MATERIAL PROVIDED:
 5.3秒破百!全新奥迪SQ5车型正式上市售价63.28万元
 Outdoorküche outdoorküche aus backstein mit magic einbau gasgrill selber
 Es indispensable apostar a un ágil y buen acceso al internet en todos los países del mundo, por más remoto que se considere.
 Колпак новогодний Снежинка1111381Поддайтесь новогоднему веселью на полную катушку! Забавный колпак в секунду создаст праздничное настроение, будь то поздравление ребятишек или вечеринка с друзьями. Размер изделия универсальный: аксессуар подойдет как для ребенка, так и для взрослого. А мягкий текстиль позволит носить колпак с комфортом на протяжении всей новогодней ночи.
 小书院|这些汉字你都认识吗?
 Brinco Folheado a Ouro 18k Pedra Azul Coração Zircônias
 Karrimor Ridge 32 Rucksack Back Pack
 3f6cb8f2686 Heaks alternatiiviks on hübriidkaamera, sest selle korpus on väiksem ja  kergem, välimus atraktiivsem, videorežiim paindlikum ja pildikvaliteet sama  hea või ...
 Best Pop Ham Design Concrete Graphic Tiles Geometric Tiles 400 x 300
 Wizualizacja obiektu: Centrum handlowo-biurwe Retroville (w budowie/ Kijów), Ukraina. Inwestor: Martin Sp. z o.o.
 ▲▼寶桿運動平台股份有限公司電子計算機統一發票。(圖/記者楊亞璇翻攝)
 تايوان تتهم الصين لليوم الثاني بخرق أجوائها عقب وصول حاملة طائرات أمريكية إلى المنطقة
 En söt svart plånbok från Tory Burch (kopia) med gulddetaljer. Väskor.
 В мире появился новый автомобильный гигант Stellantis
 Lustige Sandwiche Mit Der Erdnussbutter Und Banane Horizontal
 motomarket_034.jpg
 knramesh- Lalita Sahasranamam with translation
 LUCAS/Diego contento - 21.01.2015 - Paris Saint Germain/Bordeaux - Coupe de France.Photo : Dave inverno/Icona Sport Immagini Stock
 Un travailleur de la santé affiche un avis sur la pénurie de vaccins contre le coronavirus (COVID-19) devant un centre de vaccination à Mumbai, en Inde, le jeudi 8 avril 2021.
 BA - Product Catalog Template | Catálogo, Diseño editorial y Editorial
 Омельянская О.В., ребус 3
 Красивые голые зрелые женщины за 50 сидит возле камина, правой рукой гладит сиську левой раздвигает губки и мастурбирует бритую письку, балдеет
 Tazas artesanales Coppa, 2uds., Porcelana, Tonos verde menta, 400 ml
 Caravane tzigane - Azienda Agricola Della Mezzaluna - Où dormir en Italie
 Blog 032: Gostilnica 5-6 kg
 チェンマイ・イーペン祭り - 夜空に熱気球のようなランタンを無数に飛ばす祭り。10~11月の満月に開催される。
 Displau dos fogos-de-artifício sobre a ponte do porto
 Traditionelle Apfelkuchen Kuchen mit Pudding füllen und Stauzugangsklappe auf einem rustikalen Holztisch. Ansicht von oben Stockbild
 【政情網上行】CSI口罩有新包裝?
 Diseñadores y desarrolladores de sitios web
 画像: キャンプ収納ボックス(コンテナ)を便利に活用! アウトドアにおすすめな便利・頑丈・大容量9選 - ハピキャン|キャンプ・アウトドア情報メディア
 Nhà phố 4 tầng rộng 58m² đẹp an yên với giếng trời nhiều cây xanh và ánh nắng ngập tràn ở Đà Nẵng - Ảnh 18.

TASK PROMPT: Exact copies of every record are required.

SOLVED PROBLEM:
 5.3秒破百!全新奥迪SQ5车型正式上市售价63.28万元
 Outdoorküche outdoorküche aus backstein mit magic einbau gasgrill selber
 Es indispensable apostar a un ágil y buen acceso al internet en todos los países del mundo, por más remoto que se considere.
 Колпак новогодний Снежинка1111381Поддайтесь новогоднему веселью на полную катушку! Забавный колпак в секунду создаст праздничное настроение, будь то поздравление ребятишек или вечеринка с друзьями. Размер изделия универсальный: аксессуар подойдет как для ребенка, так и для взрослого. А мягкий текстиль позволит носить колпак с комфортом на протяжении всей новогодней ночи.
 小书院|这些汉字你都认识吗?
 Brinco Folheado a Ouro 18k Pedra Azul Coração Zircônias
 Karrimor Ridge 32 Rucksack Back Pack
 3f6cb8f2686 Heaks alternatiiviks on hübriidkaamera, sest selle korpus on väiksem ja  kergem, välimus atraktiivsem, videorežiim paindlikum ja pildikvaliteet sama  hea või ...
 Best Pop Ham Design Concrete Graphic Tiles Geometric Tiles 400 x 300
 Wizualizacja obiektu: Centrum handlowo-biurwe Retroville (w budowie/ Kijów), Ukraina. Inwestor: Martin Sp. z o.o.
 ▲▼寶桿運動平台股份有限公司電子計算機統一發票。(圖/記者楊亞璇翻攝)
 تايوان تتهم الصين لليوم الثاني بخرق أجوائها عقب وصول حاملة طائرات أمريكية إلى المنطقة
 En söt svart plånbok från Tory Burch (kopia) med gulddetaljer. Väskor.
 В мире появился новый автомобильный гигант Stellantis
 Lustige Sandwiche Mit Der Erdnussbutter Und Banane Horizontal
 motomarket_034.jpg
 knramesh- Lalita Sahasranamam with translation
 LUCAS/Diego contento - 21.01.2015 - Paris Saint Germain/Bordeaux - Coupe de France.Photo : Dave inverno/Icona Sport Immagini Stock
 Un travailleur de la santé affiche un avis sur la pénurie de vaccins contre le coronavirus (COVID-19) devant un centre de vaccination à Mumbai, en Inde, le jeudi 8 avril 2021.
 BA - Product Catalog Template | Catálogo, Diseño editorial y Editorial
 Омельянская О.В., ребус 3
 Красивые голые зрелые женщины за 50 сидит возле камина, правой рукой гладит сиську левой раздвигает губки и мастурбирует бритую письку, балдеет
 Tazas artesanales Coppa, 2uds., Porcelana, Tonos verde menta, 400 ml
 Caravane tzigane - Azienda Agricola Della Mezzaluna - Où dormir en Italie
 Blog 032: Gostilnica 5-6 kg
 チェンマイ・イーペン祭り - 夜空に熱気球のようなランタンを無数に飛ばす祭り。10~11月の満月に開催される。
 Displau dos fogos-de-artifício sobre a ponte do porto
 Traditionelle Apfelkuchen Kuchen mit Pudding füllen und Stauzugangsklappe auf einem rustikalen Holztisch. Ansicht von oben Stockbild
 【政情網上行】CSI口罩有新包裝?
 Diseñadores y desarrolladores de sitios web
 画像: キャンプ収納ボックス(コンテナ)を便利に活用! アウトドアにおすすめな便利・頑丈・大容量9選 - ハピキャン|キャンプ・アウトドア情報メディア
 Nhà phố 4 tầng rộng 58m² đẹp an yên với giếng trời nhiều cây xanh và ánh nắng ngập tràn ở Đà Nẵng - Ảnh 18.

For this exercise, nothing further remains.